= Lloyd Motz =

American astronomer

Lloyd Motz (June 5, 1909, Susquehanna, Pennsylvania – March 14, 2004, New York City) was an American astronomer.

==Biography==
Born in Pennsylvania, Motz graduated from the City College of New York 1930 and earned a Ph.D. in physics from Columbia University in 1936. Motz began teaching at Columbia the same year he completed his Ph.D., but over the years also taught courses at the City College of New York, Queens College, Polytechnic University, and The New School. From 1959 to 1992 he mentored in a program he initiated, the Columbia University Science Honors Program for high school students. (His course for ninth graders on 'astronomy to the three-body problem' was known as "Motz for Tots.") College courses he taught included introductory astronomy, astronomical physics, and celestial mechanics. During the 1970s he hosted a television program, Exploration of the Universe. He founded the Phi Beta Kappa chapter at Columbia's School of General Studies. A scholarship was established at Columbia in Motz's honor in 1996.

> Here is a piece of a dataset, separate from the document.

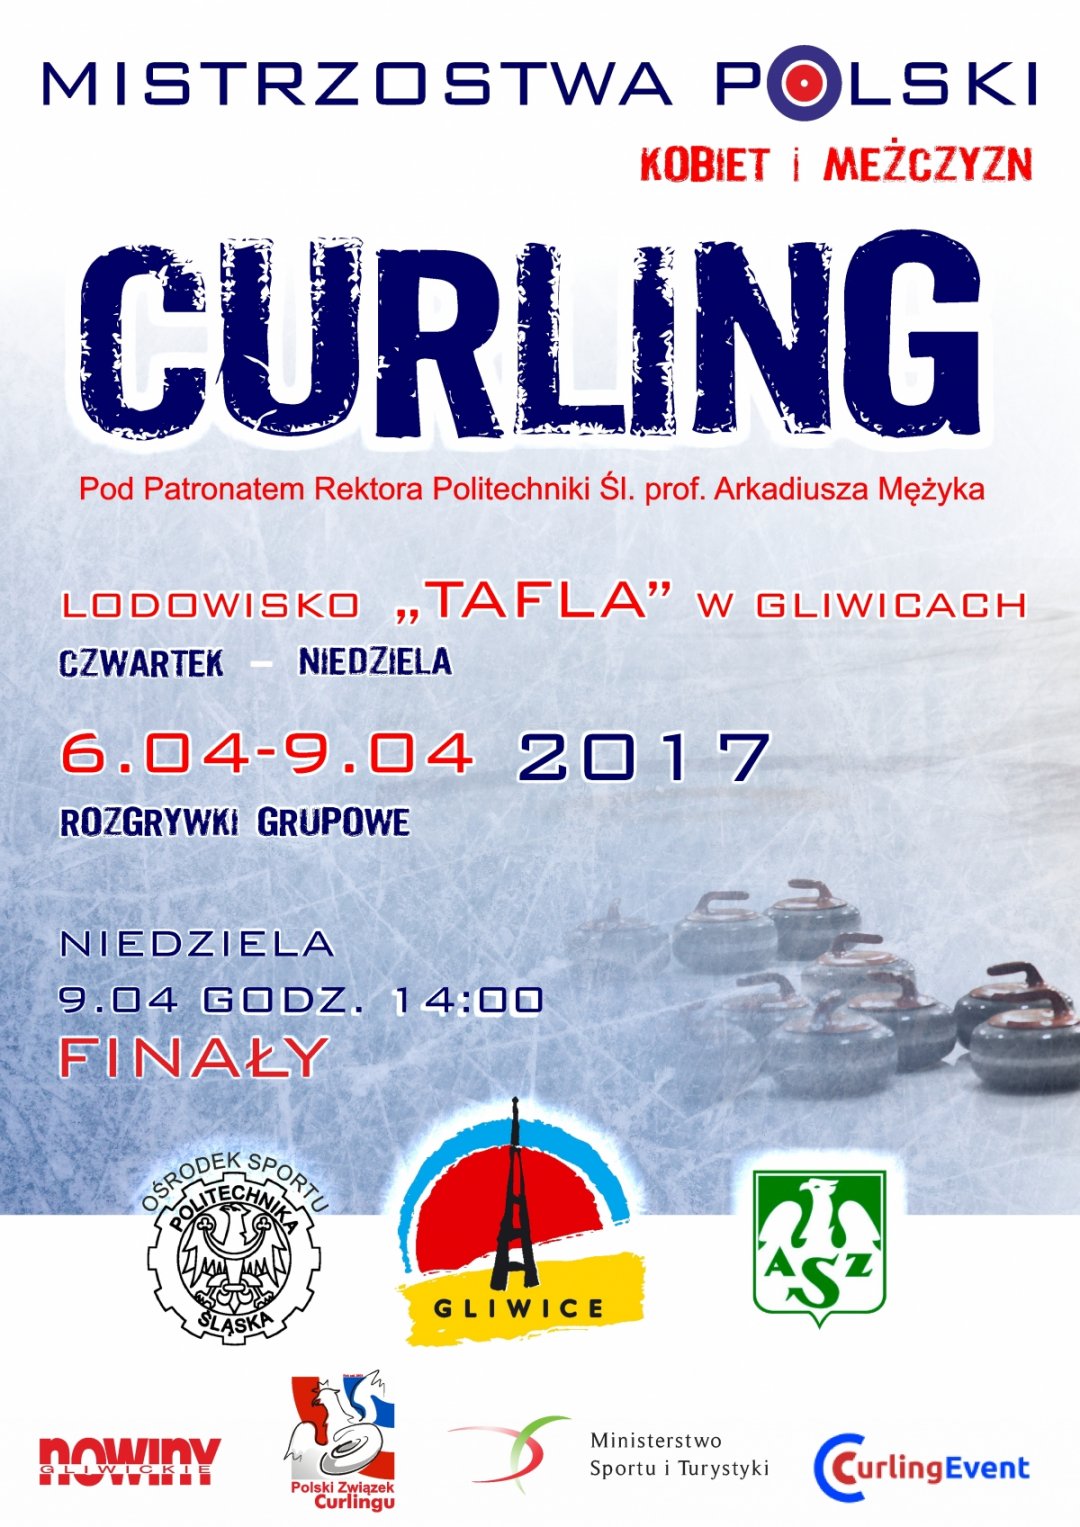 Mistrzostwa Polski Kobiet i Mężczyzn w curlingu - Gliwice 2017

Motz was noted for having defeated Enrico Fermi in a tennis match, and then discussing not his strategy (which was to play the net), but to give a speech on how the conservation of momentum applied to tennis balls and the tightness of strings on the racquets.

==Publications==
Lloyd Motz was the author of 21 books on astronomy, including The Constellations (1988, ISBN 0-385-17600-7) co-authored with Carol Nathanson. He also teamed with Jefferson Hane Weaver in authoring books on astronomy, general science, and mathematics, to include The World of Physics: The Einstein Universe and the Bohr Atom (1987, ISBN 0671499300), The Concepts of Science: From Newton to Einstein (1988, ISBN 9780306428722), The Unfolding Universe: A Stellar Journey (1989, ISBN 0306432641), The Story of Physics (1989, ISBN 9780306430763), Conquering Mathematics: From Arithmetic to Calculus (1991, ISBN 0306437686), The Story of Astronomy (1995, ISBN 9780306450907). Some of his books were translated into other languages.

==Death==
He died in 2004 in New York City. He is survived by his wife for 70 years, Minnie, son, Dr. Robin Motz, daughter Julie Motz, grandchildren Jeremy, Nicole and Benjamin and great granddaughter Isabella. Great Grandson Aidan Wilson.